Her music features an even split between Vocaloid and her own vocals, which are almost always auto-tuned. “I can’t remember the last time I didn’t auto-tune my voice, honestly,” she says. “I could absolutely do without it and sound completely fine if I wanted to, but at this point i just don’t like how my voice sounds without it anymore.”
“I feel like the reason I love using Vocaloid so much is also why auto-tune is so prevalent in my music,” she continues. “There’s something really fascinating and freeing to me about being able to change or even completely circumnavigate my own voice in that way. In the same way that synthesizers and electronic music are at their best when working to their own strengths, Vocaloids are at their best when they aren’t trying to sound human,” she says. “More often than not, the artificiality of Vocaloid vocals can either really compliment the human vocals, or even bring out the disparity in realism in a more positive way.” She points me towards “Love Taste,” an electro funk collaboration with French artist Moe Shop where she created a very artificial, emotionless Vocaloid to contrast with the human vocalist.
“Grand Restore,” from Paige’s Anew, Again, is an infectious chiptune-inflected pop song about looking forward to falling in love. It features chirpy vocals from GUMI, tuned to a level of brightness that’s sweet and appealing. The vocaloid blends seamlessly with both the video game production and Paige’s subtle “oooh da da da” backing vocals. It sounds genuinely happy, and it makes me happy. Though the singing is clearly not human, it doesn’t bother me. There is a sense of shiny optimism that doesn’t seem like it could be replicated by a human vocalist. “Grand Restore” is the kind of song that should only be sung by Vocaloid.

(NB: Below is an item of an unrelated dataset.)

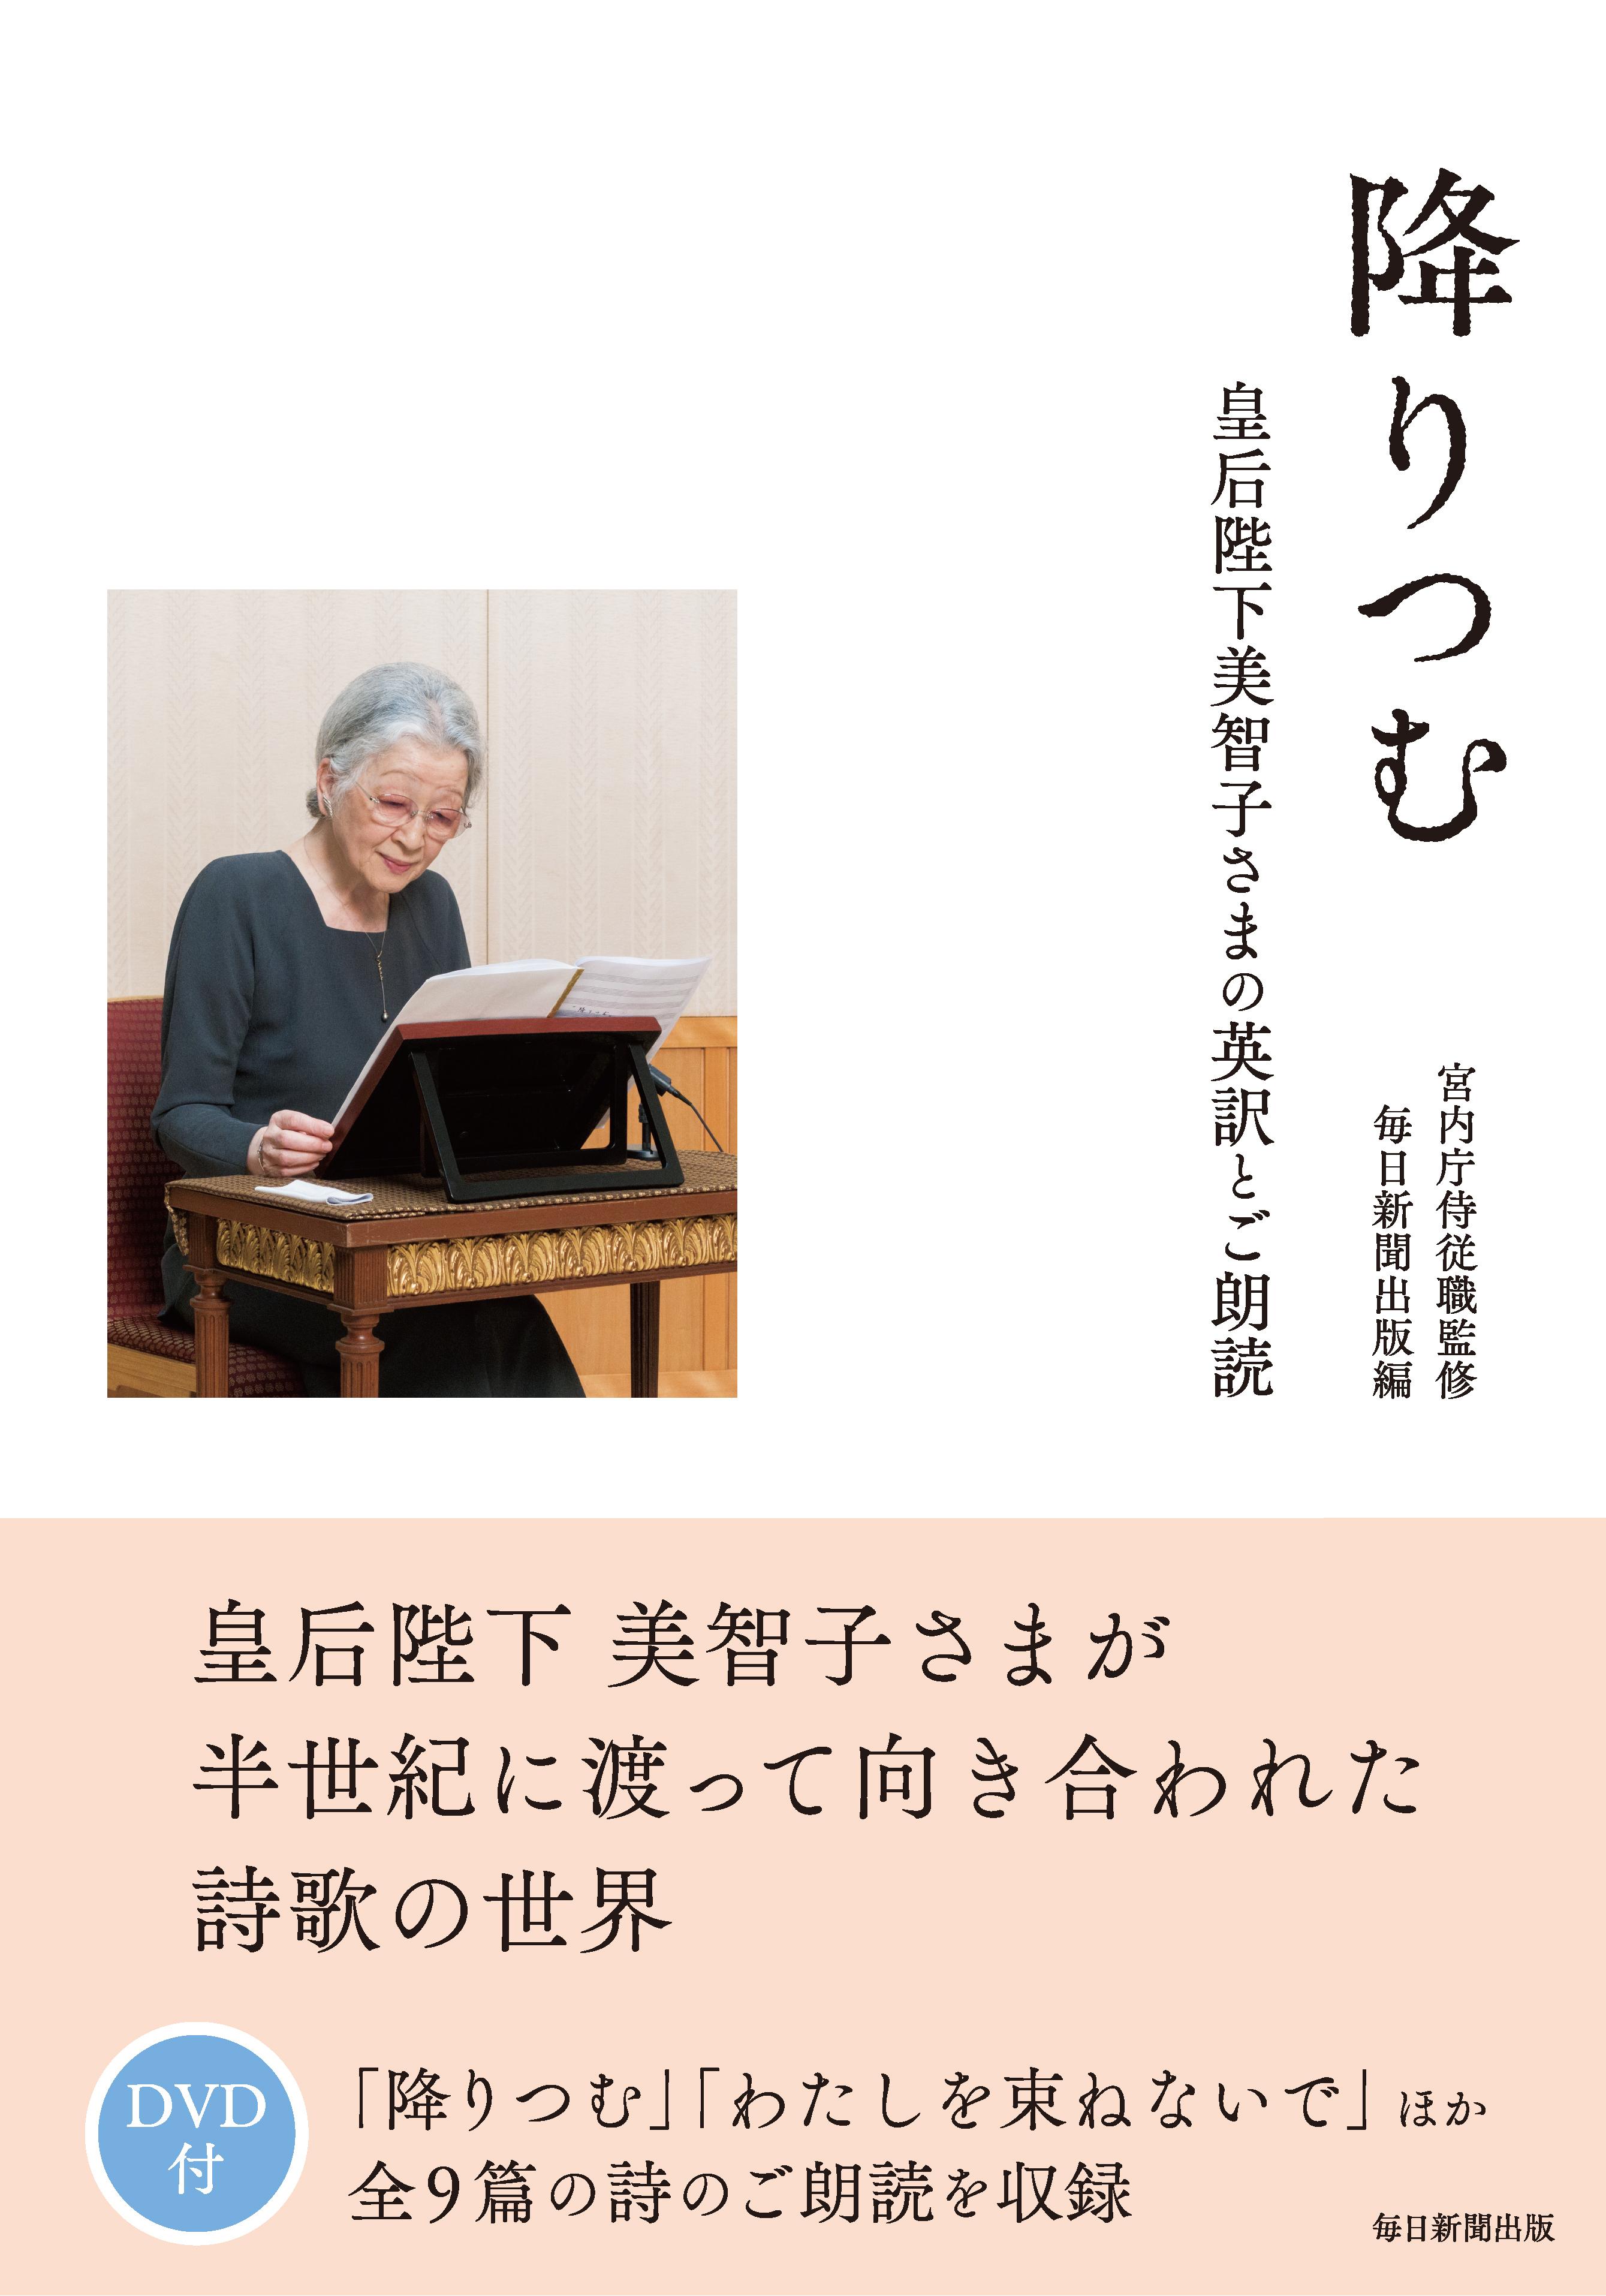 書影:降りつむ DVD付 皇后陛下美智子さまの英訳とご朗読

Later, I try to figure out exactly why “Grand Restore” resonated with me so deeply when so much other vocaloid music comes across, as Cien Miller observed, rather toy-like. Perhaps it’s because Paige has always been auto-tuning her own voice, so she is more sensitive to the ways vocaloids can and cannot be used with the present technology. Her songwriting and production skills are certainly far superior to many other producers. But it’s more than that. The answer lies in the way she’s using the vocaloid in the context of her music. Rather than creating distance between herself and her emotions, or keeping the listener at a safe remove, she is using Vocaloid to be truer to herself—to be her true self, adding back in the specific, unquantifiable quality that makes the human voice such a powerful and unparalleled instrument. This is no “representation” of the melding of man and machine, it is the thing itself. By disassociating GUMI from her pre-packaged persona—the marketing magic bullet that made Vocaloids such a phenomenon in the first place—Jamie Paige creates a space for her own individual voice to shine through the machinery. She finds a way to give GUMI a piece of her own soul and, for the length of a pop song, lights a human bridge across the uncanny valley.